Amphiphilic ABA‐type triblock copolymers for the development of high‐performance poly(vinylidene fluoride)/poly(vinyl pyrrolidone) blend ultrafiltration membranes for oil separation

ABA‐type amphiphilic triblock copolymers (TBCs) were synthesized by a reversible addition fragmentation chain transfer (RAFT) process with a telechelic polystyrene macro‐RAFT agent and 4‐[n‐(acryloyloxy)alkyloxy]benzoic acid monomers. Ultrafiltration (UF) membranes were fabricated by a phase‐inversion process with blends of the TBC, poly(vinylidene fluoride) (PVDF), and poly(vinyl pyrrolidone) (PVP) in dimethylformamide. The UF‐fabricated membranes were characterized by scanning electron microscopy, atomic force microscopy, water contact angle measurement, thermogravimetric analysis, and differential scanning calorimetry.
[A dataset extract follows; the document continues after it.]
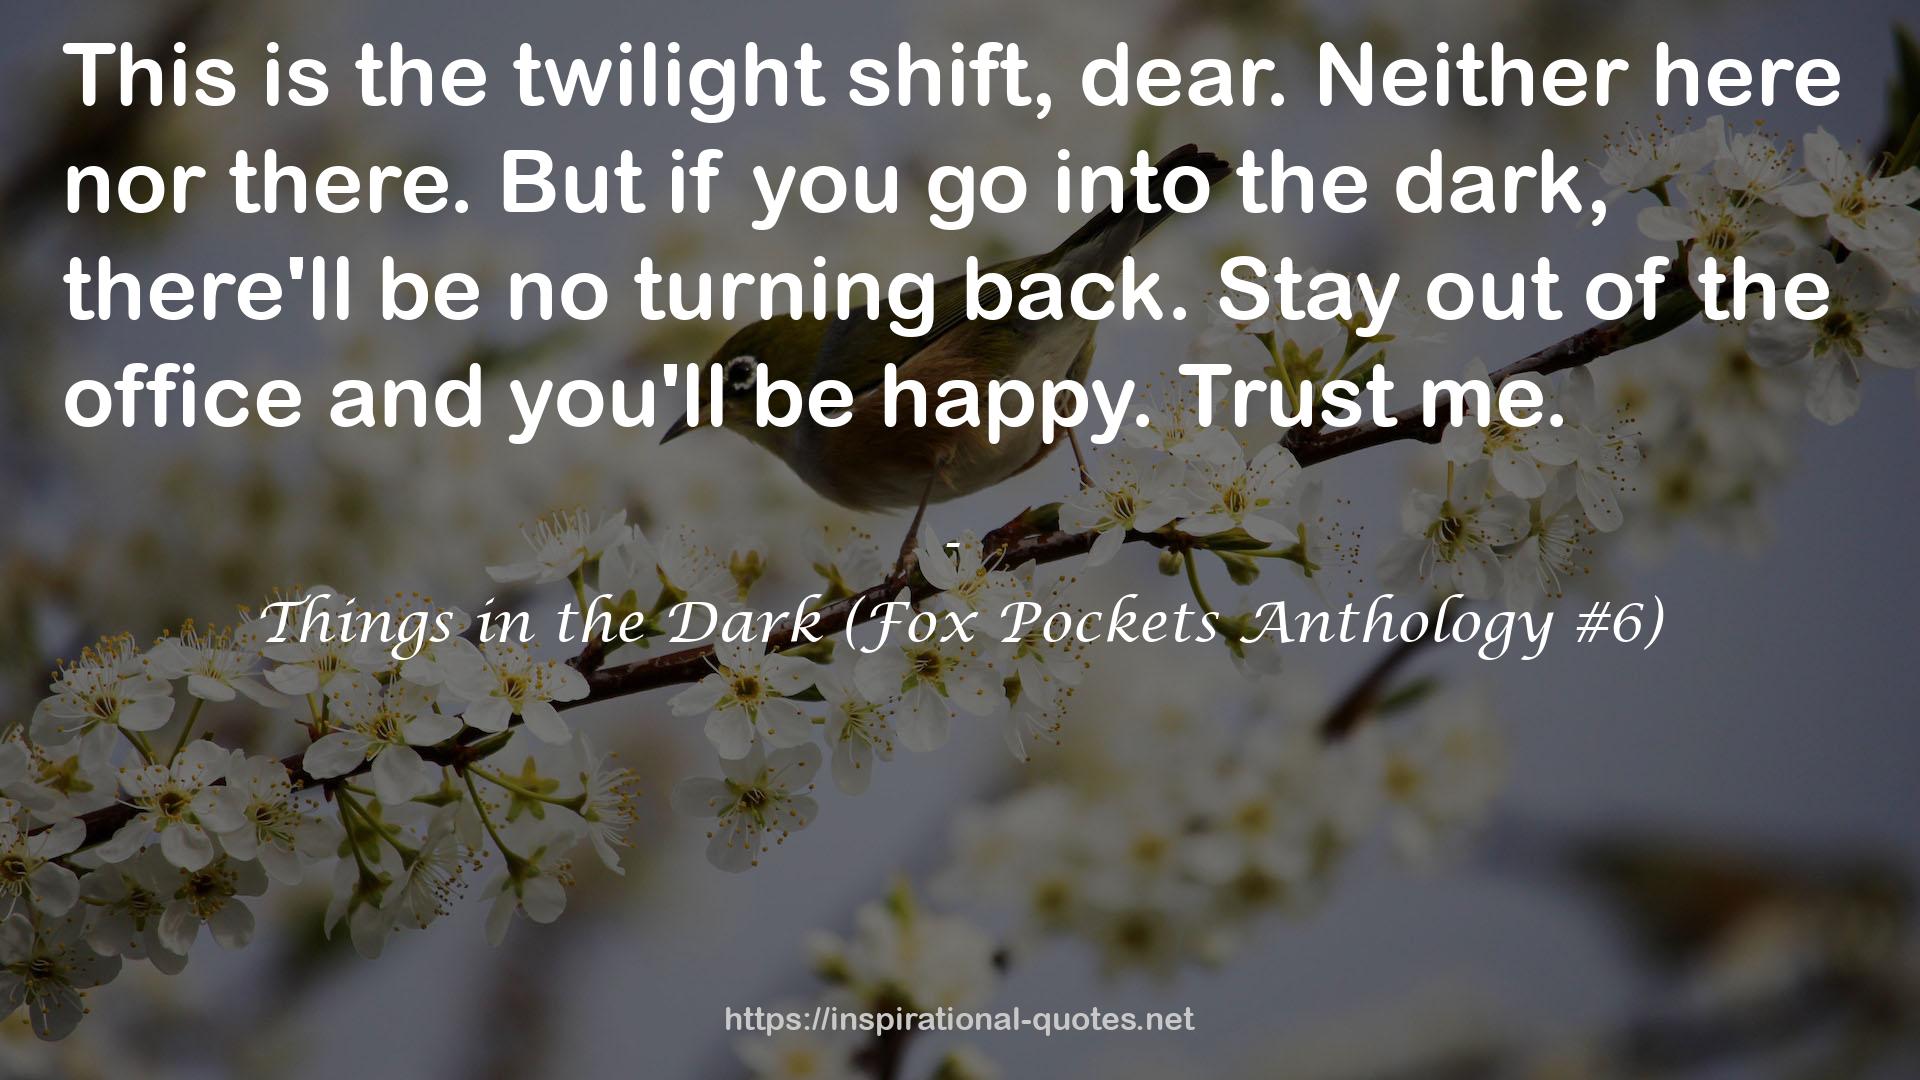 Things in the Dark (Fox Pockets Anthology #6) QUOTES

Pure water permeation, molecular weight cutoff values obtained by the permeation of different molecular weight polymers as probe solutes, bovine serum albumin (BSA) solution permeate flux, and oil–water emulsion filtration tests were used to evaluate the separation characteristics of the fabricated membranes. The tripolymer blend membranes exhibited a higher flux recovery ratio (FRR) after the membrane was washed with sodium lauryl sulfate (0.05 wt %) solution for a BSA solution (FRR = 88%) and oil–water emulsion (FRR = 95%) feeds when than the PVDF–PVP blend membrane (57 and 80% FRR values for the BSA solution and oil–water emulsion, respectively). The pendant carboxylic acid functional moieties in this ABA‐type TBC have potential advantages in the fabrication of high‐performance membranes. © 2017 Wiley Periodicals, Inc. J. Appl. Polym. Sci. 2017 , 134, 45132.